One habit worth keeping: log the spread by the measured tablespoon, not by eye. Nut spreads are calorie-dense, and the difference between a level spoon and a heaped one can be 80 calories. If you ever scale the batch up or down, our recipe scaling guide covers how the per-serving numbers move so your logs stay honest.
References
- U.S. Department of Agriculture, Agricultural Research Service. FoodData Central. Washington, DC: USDA, 2024.
- American Diabetes Association. “Facts About Sugar and Sugar Substitutes.” Diabetes Care / ADA Consumer Resources, 2023.
- Mattes RD, Dreher ML. “Nuts and healthy body weight maintenance mechanisms.” Asia Pacific Journal of Clinical Nutrition, vol. 19, no. 1, 2010, pp. 137–141.

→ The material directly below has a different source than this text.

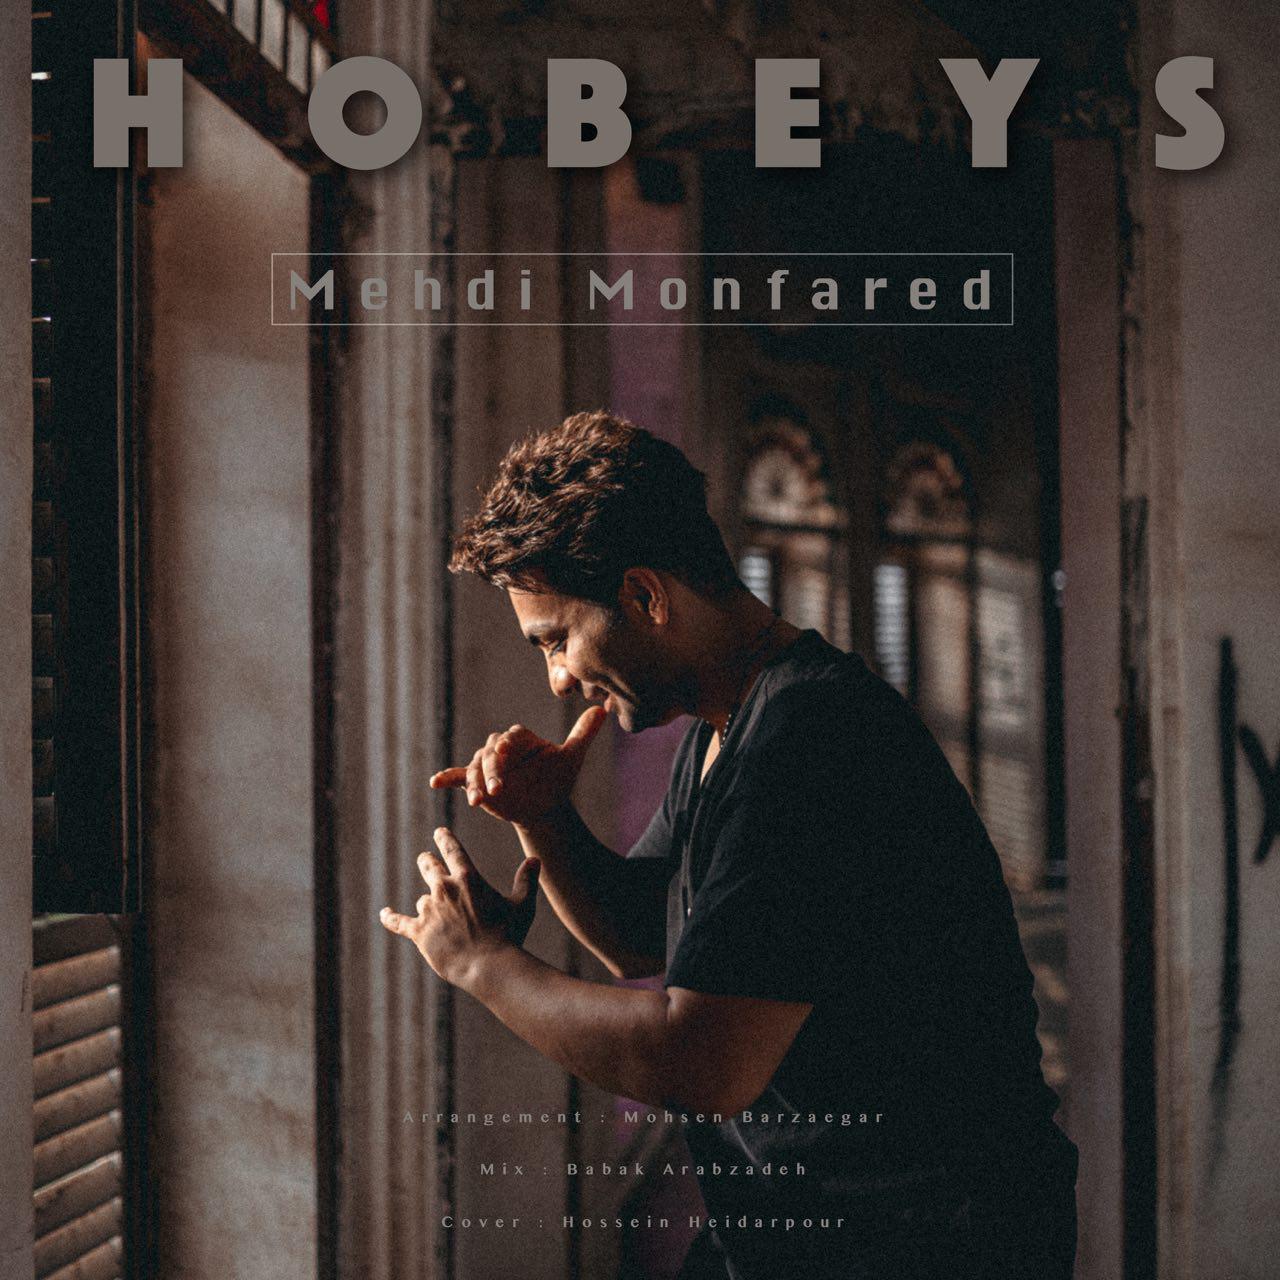 Mehdi Monfared – Hobeys

Frequently asked questions
- How is homemade spread different from the commercial jar?
- The main difference is sugar. A typical commercial chocolate-hazelnut spread is roughly half sugar by weight, so two tablespoons carry about 21 g of sugar. The homemade version below swaps that for erythritol and lands near 2 g net carbs for a similar portion, with most calories coming from hazelnut fat rather than sugar.

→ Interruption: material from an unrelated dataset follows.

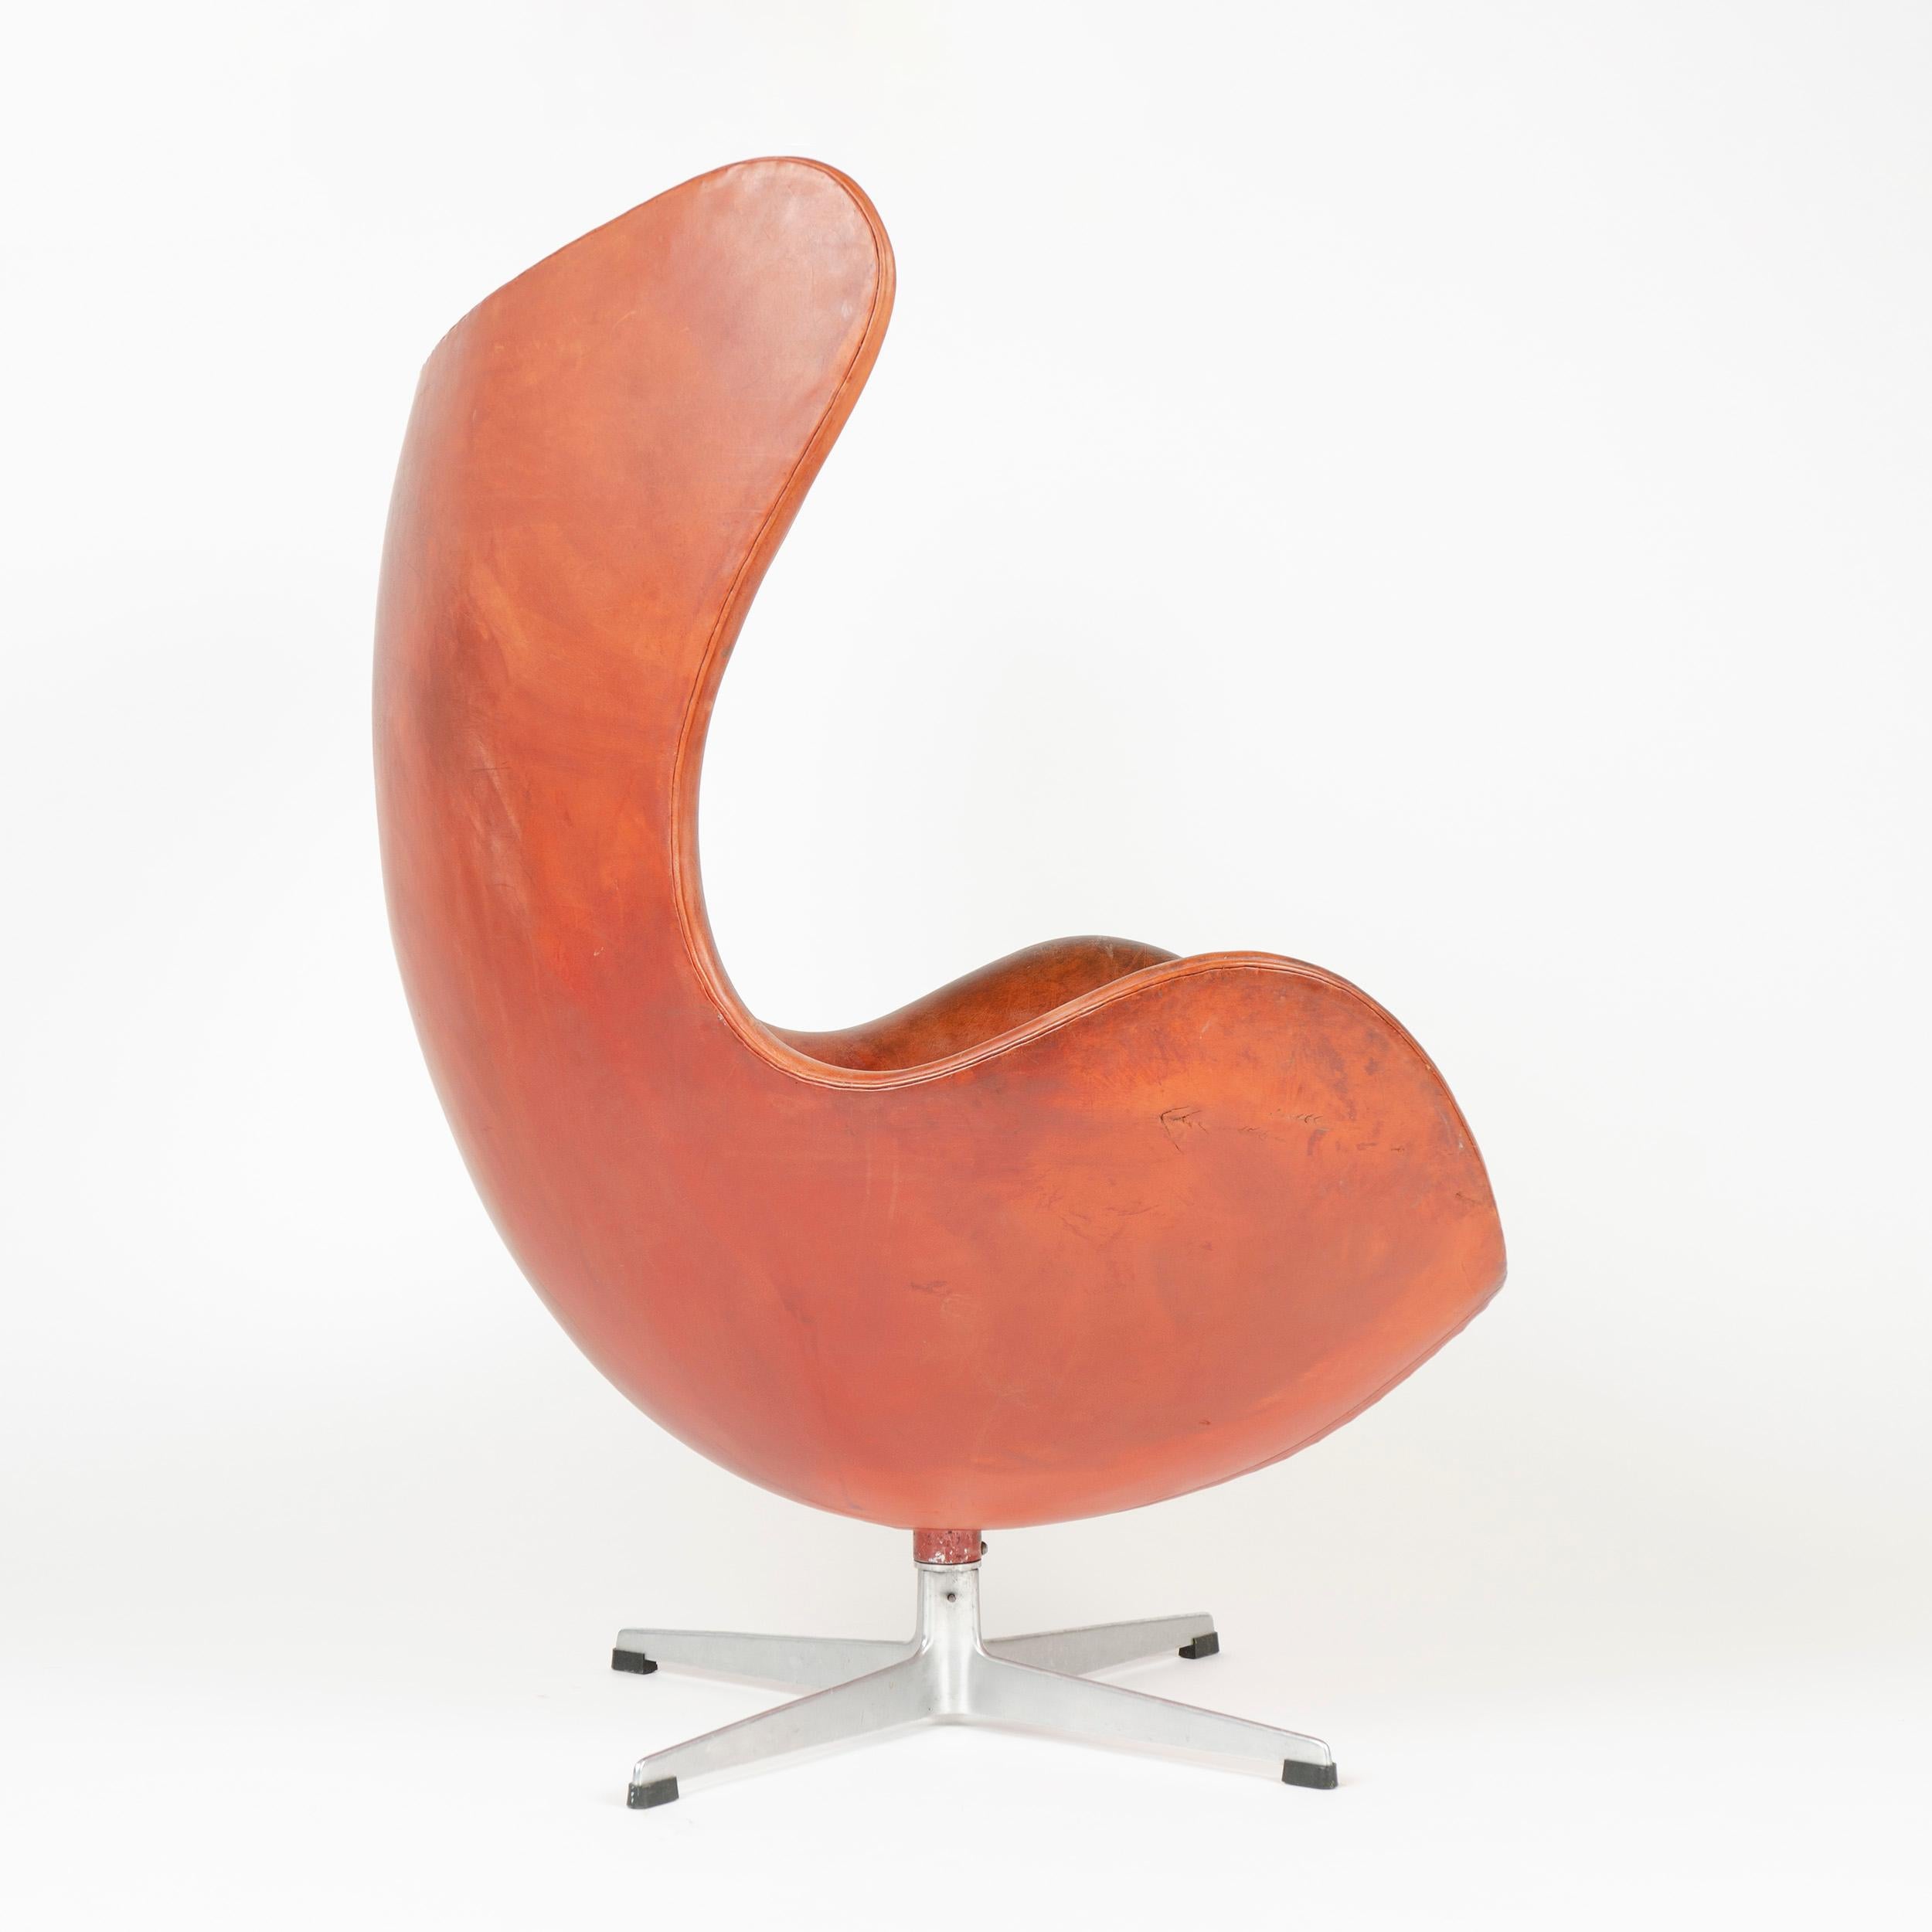 Danish 1950s Scandinavian Modern Lounge Chair by Arne Jacobsen for Fritz Hansen

- Which sweetener works best in a chocolate-hazelnut spread?
- Powdered erythritol or a powdered monk-fruit blend. Powdered is important because there is no water in the spread to dissolve granular crystals, so they stay gritty. Allulose also works and gives a smoother, more pourable texture, but it browns faster and is a little softer, so use it if you want a runnier spread.
- Why did my spread turn out thick and pasty instead of smooth?
- Hazelnuts need a long blend to release their oil and turn into butter. Stop too early and you get a dry paste. Run the food processor for several minutes, scraping down often, until the nuts go fully liquid before you add the cocoa and sweetener. A spoon of neutral oil loosens it if needed.
- Is this spread keto-friendly?
- Yes. With erythritol subtracted fully, a two-tablespoon serving sits around 2 g net carbs, and the calories are almost all fat from the hazelnuts. The number to watch is calories, not carbs — nut spreads are dense, so portioning to a measured tablespoon matters more than the carb count.
- Can CalEye track homemade spread per spoonful?
- Yes. Build the recipe once with weighed ingredients, set the yield to the number of tablespoons it makes, and log per serving. CalEye divides the totals and subtracts erythritol from net carbs. A weighed recipe is more accurate than a photo here because the calories come from fat, which a photo cannot weigh.